The prophetic herdsman, Amos of Judah(755 B.C.), described in the Hebraic and Christian Old Testament would not identify himself as a professional prophet because they had no credibility from their past reputations of engaging in hubristic nationalism and ignoring crimes committed by the powerful. Judah is just west of the Dead Sea, but Amos preached in the Northern Kingdom of Israel during the reign of Jeroboam II (781-741 B.C.) and had conquered Syria, Moab, along with Ammon. Amos is the prophet that proclaimed the coming collapse of the prosperous Kingdom of Israel due to its nationalistic idolatry and oppression of the poor. Amos was tortured by Amaziah, a priest of Bethel, then exiled and forbidden from prophesying against Israel. As a consequence of exile, Amos is the first known literary prophet to write down his prophetic warnings. Amos prophesied that there is one universal divine justice in history thereby reducing all nations and tribes to equal levels before a righteous divinity. Amos preached that all sacrificial ritual obligations of religious orthodoxy are not enough to make a righteous person, but instead calls for un-coerced intentional participatory worship. A nation is required by God to always want economic justice and condemn injustice everywhere to maintain a relationship with the divine.[2]

[2] Ethical thinking is inherently teleological in that the moral agent seeks to achieve the good by free will and right actions.

Because of Amos’ continued written criticism of Israel from exile the son of Bethel priest, Amaziah, traveled to Judah and murdered Amos—a familiar pattern.

“Synagogue and Church should be united in our age, in the struggle for the God of time against the gods of space.“Tillich, Theology of Culture, p. 39.

The Amos pattern is familiar because we are all living it now. We are all torturable. Torture is now legal in the United States. Torture is an essential theme even in media entertainment. Through decades of legal maneuvering, ethical justifications, and actual practice American society has gradually undergone a mithridization of accepting torture as a justifiable practice.  American civil society has embraced an ethos of Machiavellian will to power employing pathological business practices, and given over to solipsistic narcissism. These are the “spirits,” or “mind” of the present local and global era.

Media is awash with torture imagery. Even family “entertainment” has evolved into the display of pseudo-torture sessions in “reality-based” television programming. In episode 309 of “Fear Factor” (original airdate, 3/3/2003) a woman is strapped into a chair while seven needles six inches in length are inserted under her skin (not the breasts, of course, since that would be obscene).
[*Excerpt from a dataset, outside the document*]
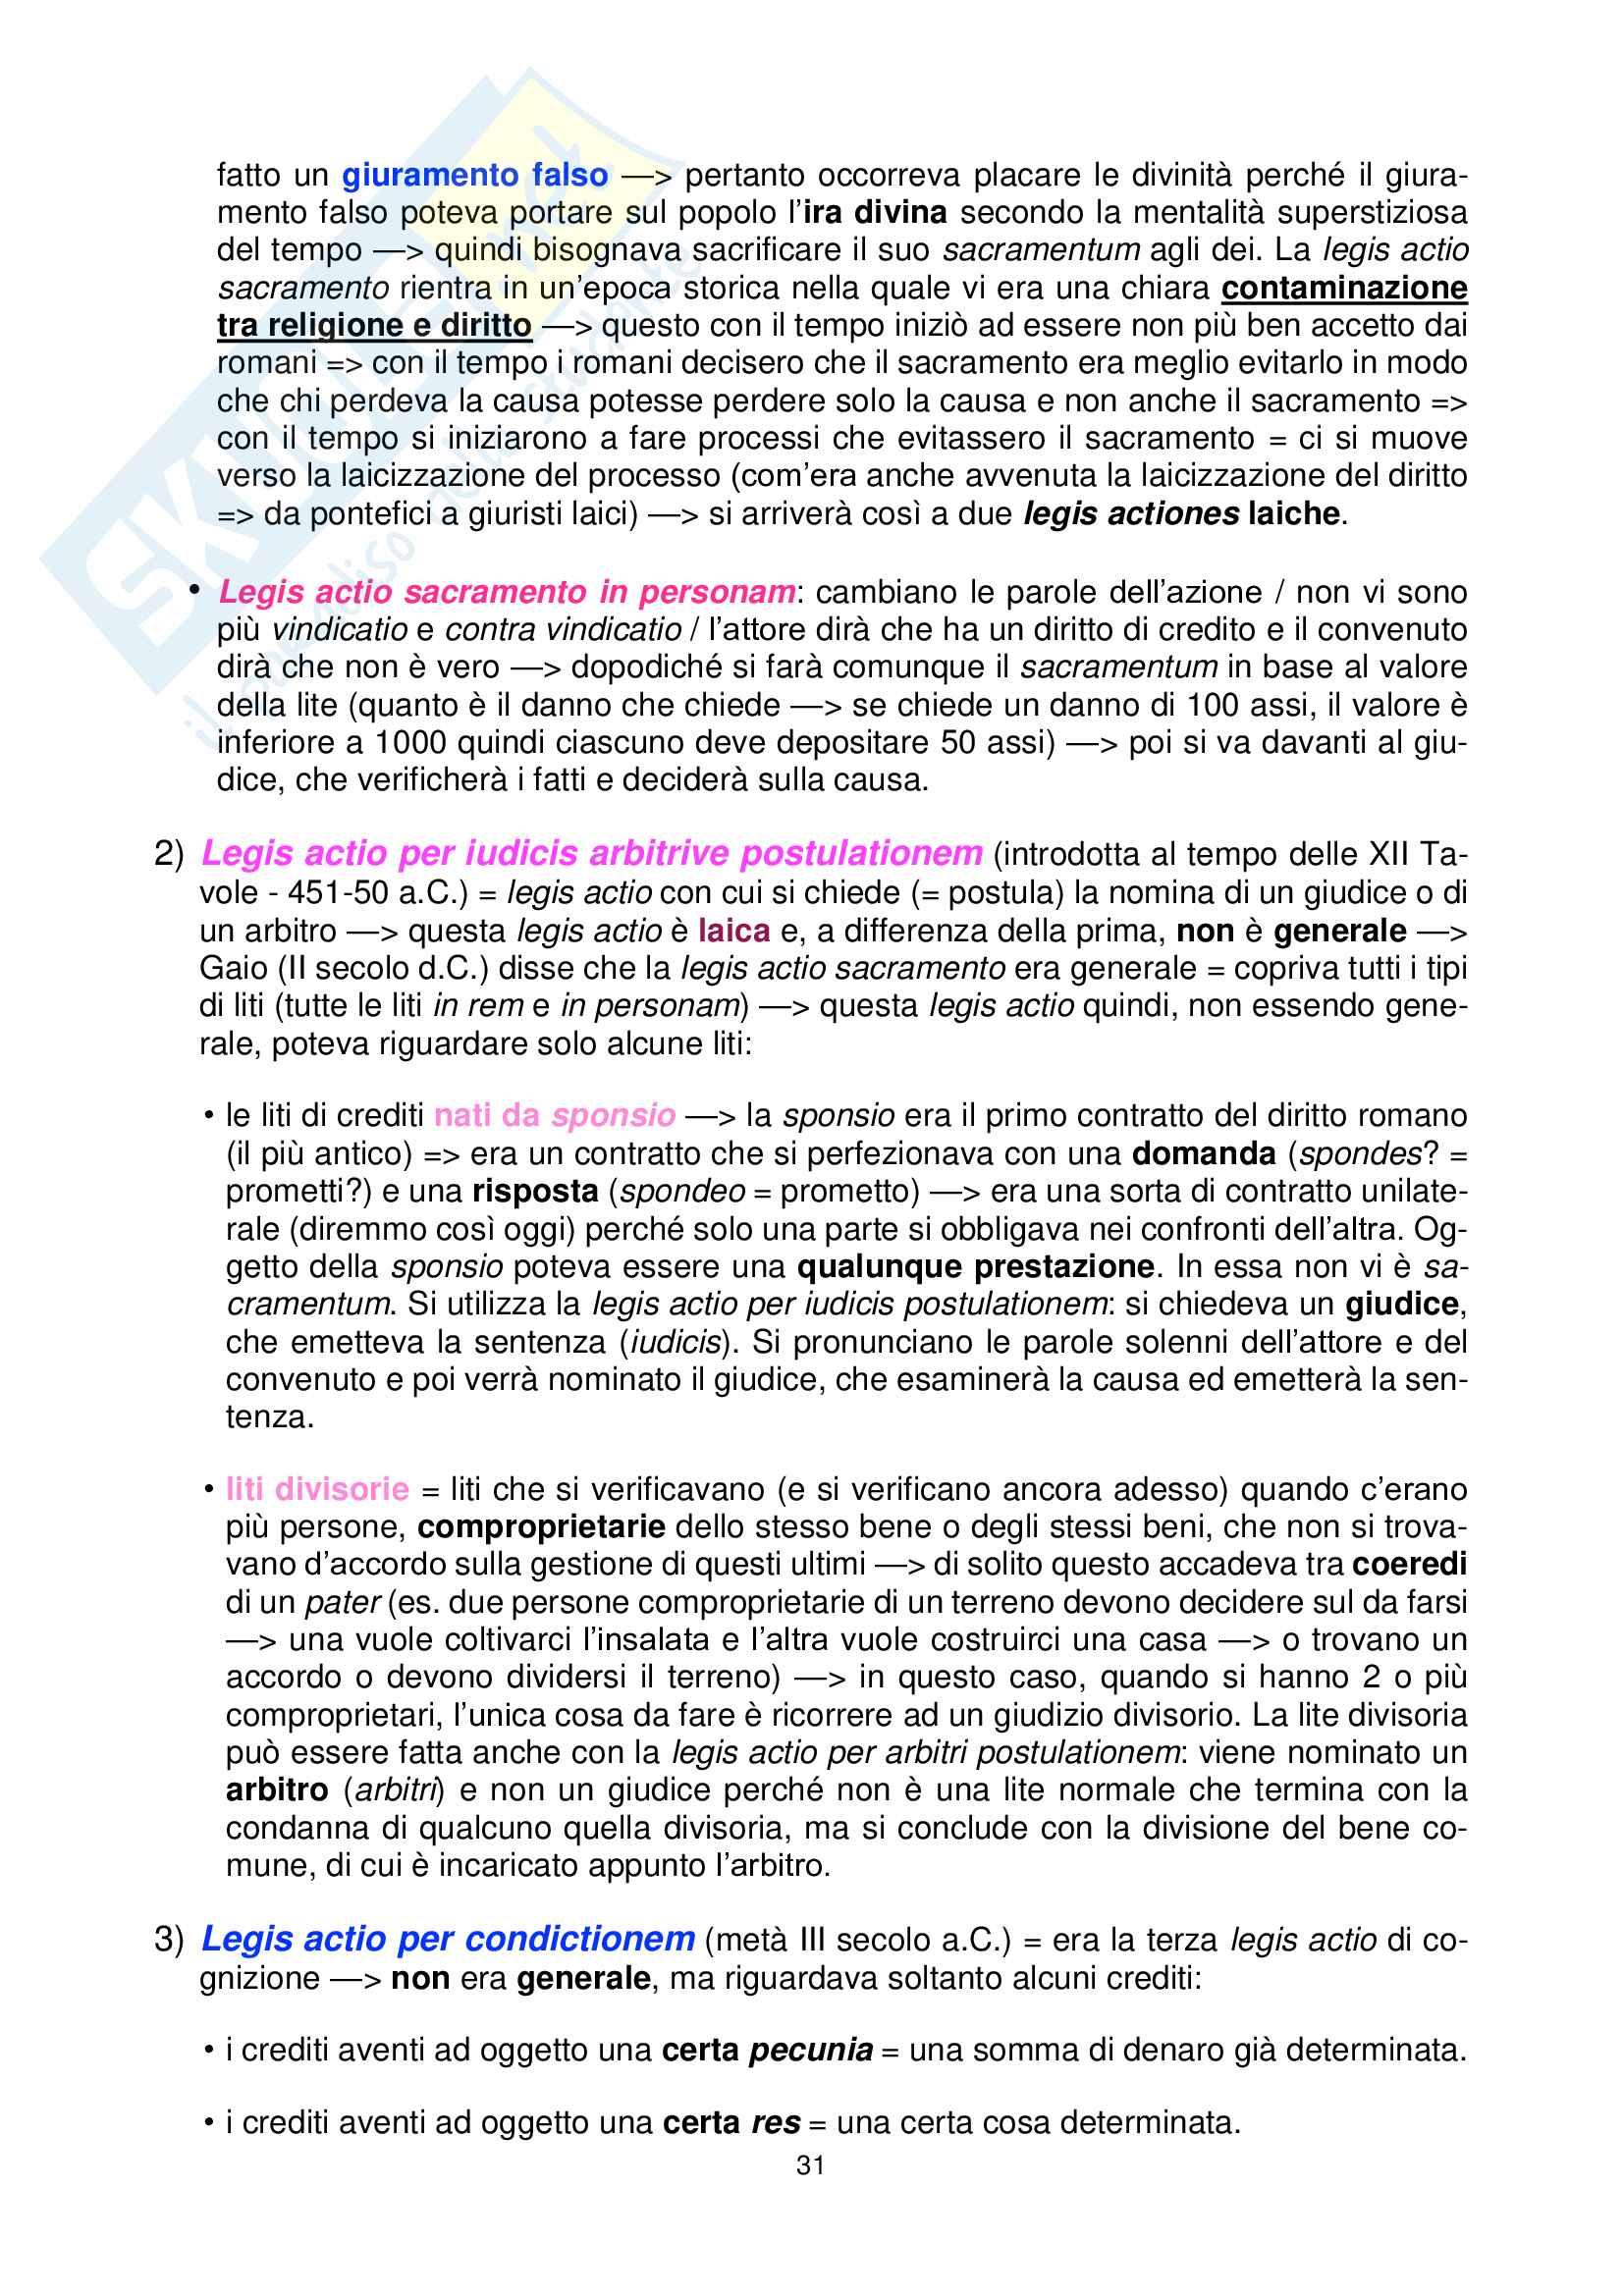 Diritto romano Pag. 31
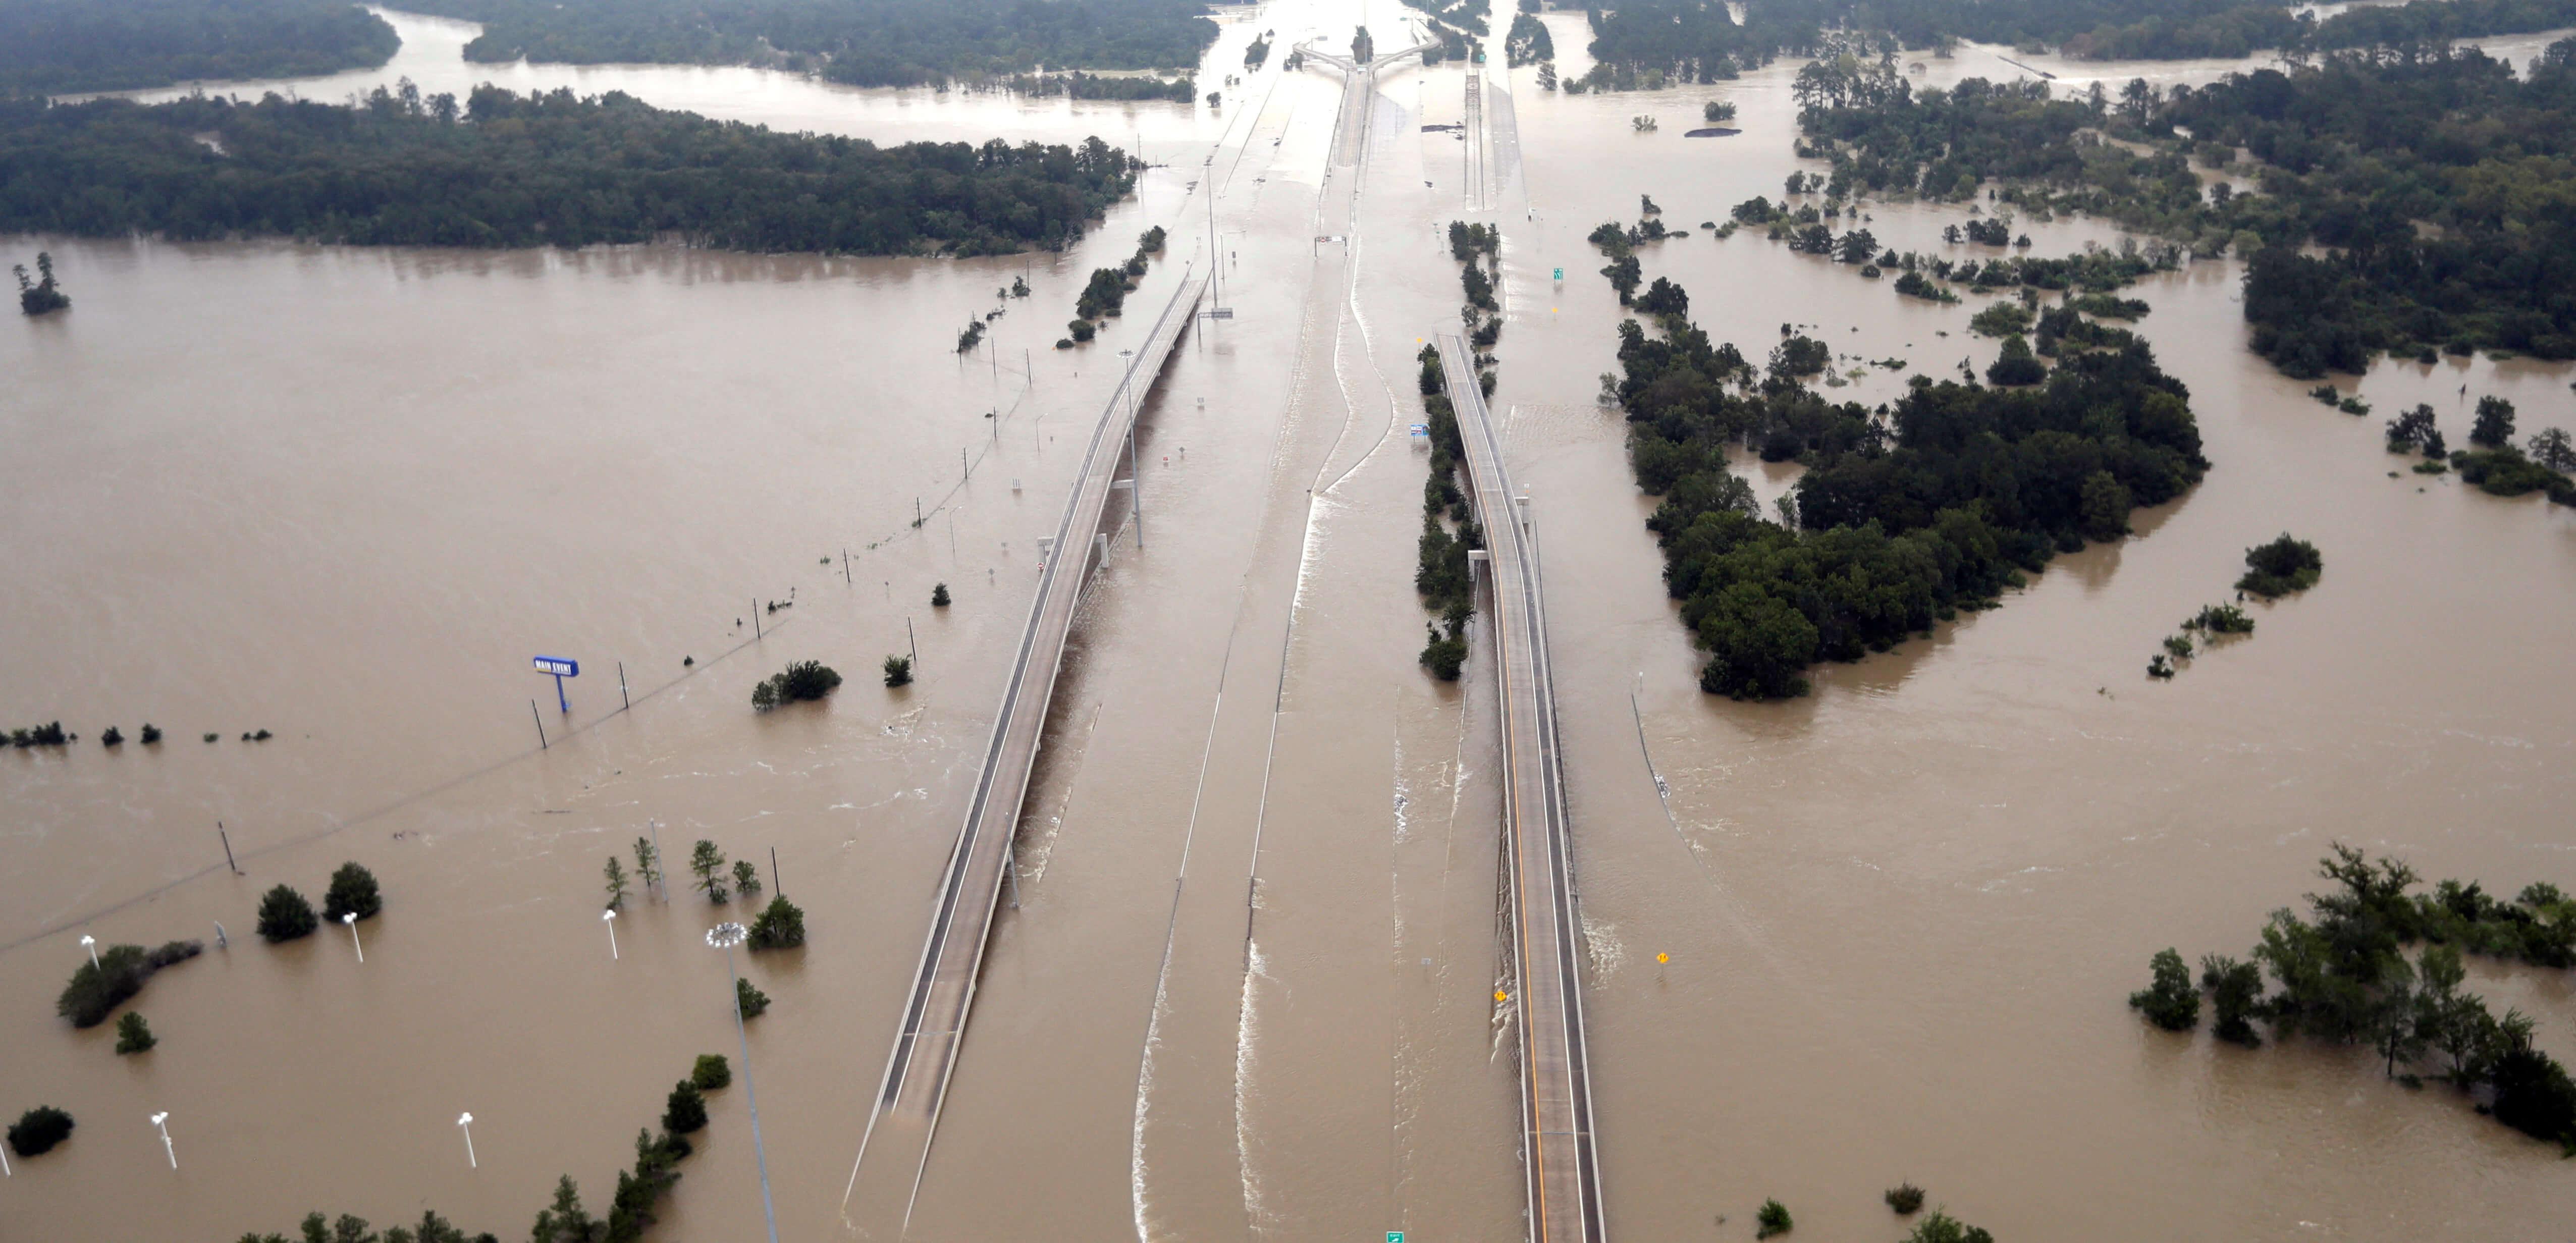 Inundación de una carretera en Humble, Texas, tras el paso de Harvey

Interestingly, the pseudo-torture session is performed in a “prison” setting with the leather strapped chair similar to an electric chair. In this case, acceptance for torturing human beings is won by presenting human suffering as a television “game” where the participants are "voluntary." This psychological categorization acts to suspend belief to override one’s natural repulsion of torturing another human being, and allows the message to reach its desensitized target audience. One would wonder what the ratings would be if a person was tortured against their will!

Researchers Dr. Agnes Nairn ,Christine Griffin, and Patricia Gaya Wicks in a project at the University of Bath started out studying the influence of brands on children from ages 7 to 11 were shocked to discovered that children had intense hatred for Barbie dolls and acted out simulated acts of torture on them “from scalping to decapitation, burning, breaking and even microwaving.” Dr. Nairn focused her study on this violent behavior which crossed age, and gender. The dolls were seen by the children as disposable and therefore could not be an object of empathy, or affection.

Research scientists have found signs of widespread hopelessness within the American population that include fascist right-wing factions that seek imposing general chaos as a method of destroying society in the hope something better will emerge. Political scientists Michael Bang Petersen, Mathias Osmundsen and Kevin Arceneaux studied 6,000 right-wing extremists in the US and Denmark and published their findings in a research paper titled, "A 'Need for Chaos' and the Sharing of Hostile Political Rumors in Advanced Democracies,” The participants were asked a series of test questions and reported: “24 percent, agreed that society should be burned to the ground, 40 percent agreed with the statement, “We cannot fix the problems in our social institutions, we need to tear them down and start over.” Similarly, 40 percent agreed with the statement, “When it comes to our political and social institutions, I cannot help thinking ‘just let them all burn.’”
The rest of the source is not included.